Immune checkpoint inhibitors (ICIs) are a standard treatment across cancers, yet most patients do not respond, and existing biomarkers generalize poorly across tumor types and therapies. Here we present COMPASS, a pan-cancer foundation model that predicts immunotherapy response from bulk tumor transcriptomes using a concept bottleneck transformer. COMPASS encodes gene expression through 44 biologically grounded immune concepts representing immune cell states, tumor-microenvironment interaction and signaling pathways. Trained on 10,184 tumors across 33 cancer types, COMPASS achieves better average performance than 22 methods across 16 clinical cohorts spanning seven cancers and six ICIs, improving accuracy by 8.5% and area under the precision-recall curve by 15.7% on average across cohorts. COMPASS generalizes to cancer types and treatments not represented during fine-tuning and may inform indication selection and patient stratification.

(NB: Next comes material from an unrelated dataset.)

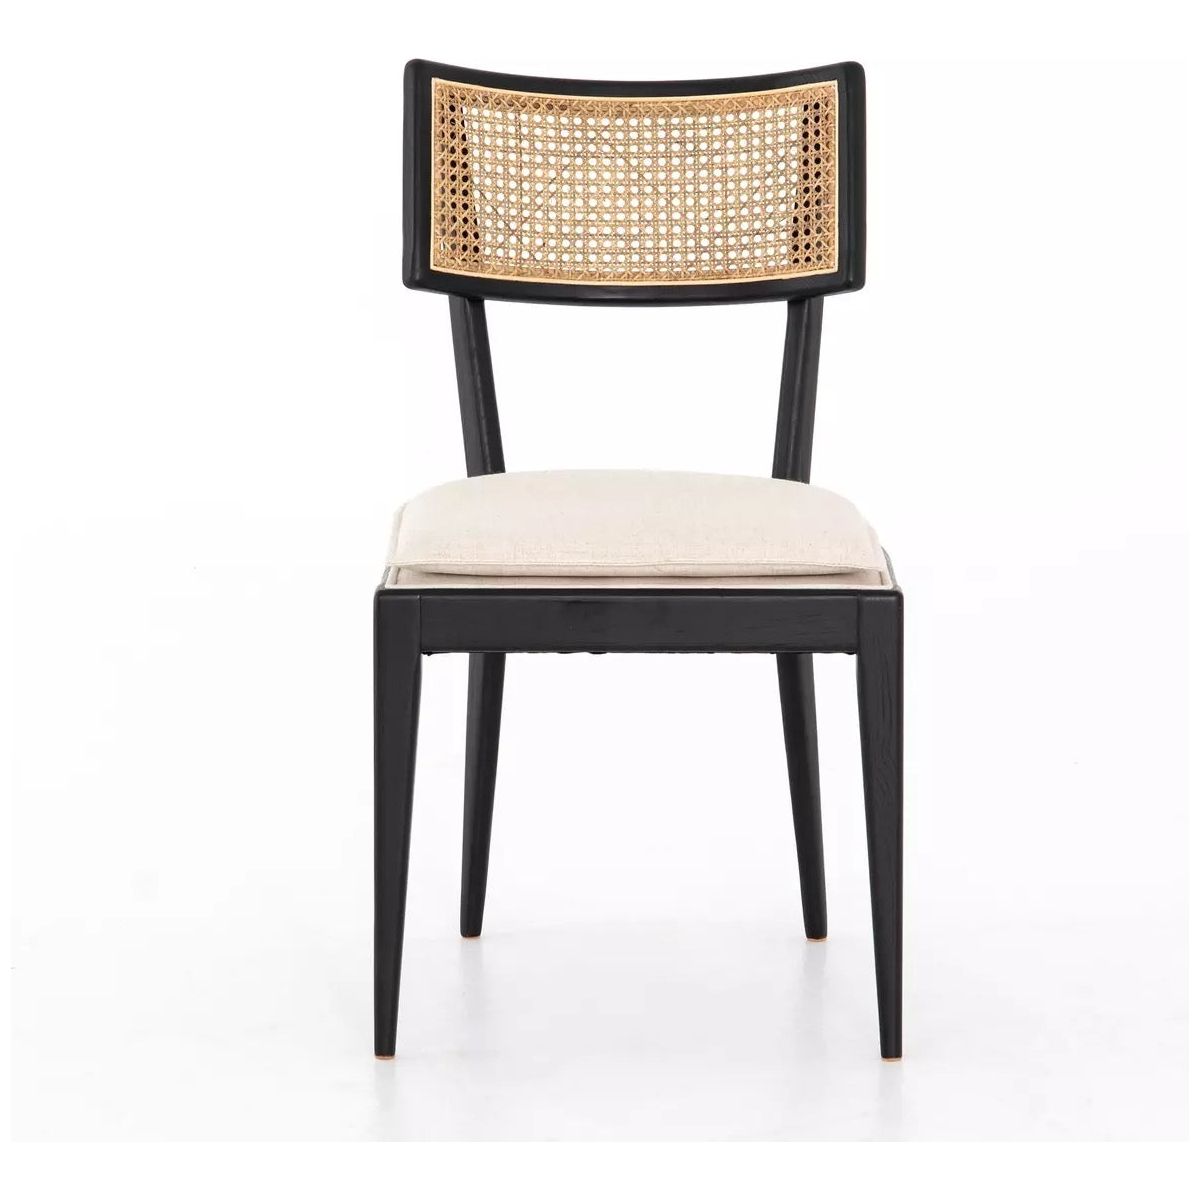 A Britt Dining Chair with a sleek black frame and tapered legs. The backrest features a woven cane design, and the padded, high-performance linen-blend seat is upholstered in light beige fabric. The chair's minimalist and elegant design stands out against the white background.

In survival analyses, patients classified by COMPASS as responders had longer overall survival (hazard ratio = 4.7, P < 0.0001). Personalized response maps connect gene expression to immune concepts, identifying programs associated with response and resistance; in immune-inflamed non-responders, COMPASS highlights programs including TGFβ signaling, endothelial exclusion, CD4+ T cell dysfunction and B cell deficiency. COMPASS predicts immunotherapy response and provides hypothesis-generating mechanistic insight for trial design and translational studies.